Simplify French POS Tag Set with NLTK

Question

Simplify French POS Tag Set with NLTK

How can I simplify some of the speech tags returned by a Stanford POS tester? In NLTK, it’s pretty easy to read an English sentence, find every part of a word of speech, and then use map_tag () to simplify the tag set:

#!/usr/bin/python # -*- coding: utf-8 -*- import os from nltk.tag.stanford import POSTagger from nltk.tokenize import word_tokenize from nltk.tag import map_tag #set java_home path from within script.
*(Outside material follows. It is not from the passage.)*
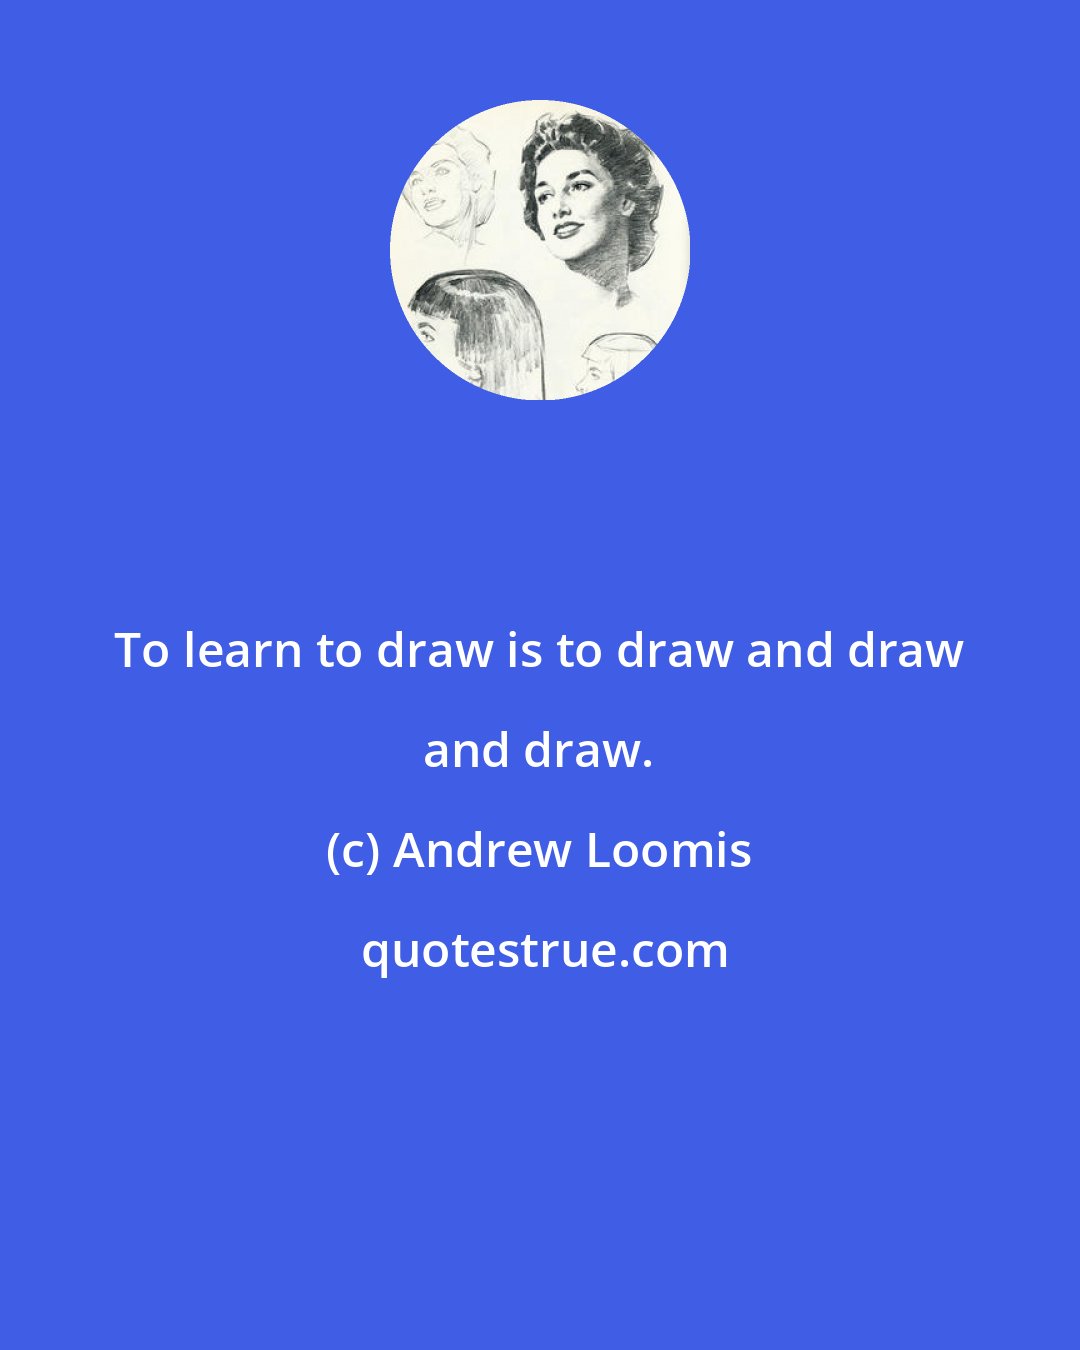 Andrew Loomis: To learn to draw is to draw and draw and draw.

Run os.getenv("JAVA_HOME") to test java_home os.environ["JAVA_HOME"] = "C:\\Program Files\\Java\\jdk1.7.0_25\\bin" english = u"the whole earth swarms with living beings, every plant, every grain and leaf, supports the life of thousands." path_to_english_model = "C:\\Text\\Professional\\Digital Humanities\\Packages and Tools\\Stanford Packages\\stanford-postagger-full-2014-08-27\\stanford-postagger-full-2014-08-27\\models\\english-bidirectional-distsim.tagger" path_to_jar = "C:\\Text\\Professional\\Digital Humanities\\Packages and Tools\\Stanford Packages\\stanford-postagger-full-2014-08-27\\stanford-postagger-full-2014-08-27\\stanford-postagger.jar" #define english and french taggers english_tagger = POSTagger(path_to_english_model, path_to_jar, encoding="utf-8") #each tuple in list_of_english_pos_tuples = (word, pos) list_of_english_pos_tuples = english_tagger.tag(word_tokenize(english)) simplified_pos_tags_english = [(word, map_tag('en-ptb', 'universal', tag)) for word, tag in list_of_english_pos_tuples] print simplified_pos_tags_english #output = [(u'the', u'DET'), (u'whole', u'ADJ'), (u'earth', u'NOUN'), (u'swarms', u'NOUN'), (u'with', u'ADP'), (u'living', u'NOUN'), (u'beings', u'NOUN'), (u',', u'.'), (u'every', u'DET'), (u'plant', u'NOUN'), (u',', u'.'), (u'every', u'DET'), (u'grain', u'NOUN'), (u'and', u'CONJ'), (u'leaf', u'NOUN'), (u',', u'.'), (u'supports', u'VERB'), (u'the', u'DET'), (u'life', u'NOUN'), (u'of', u'ADP'), (u'thousands', u'NOUN'), (u'.', u'.')]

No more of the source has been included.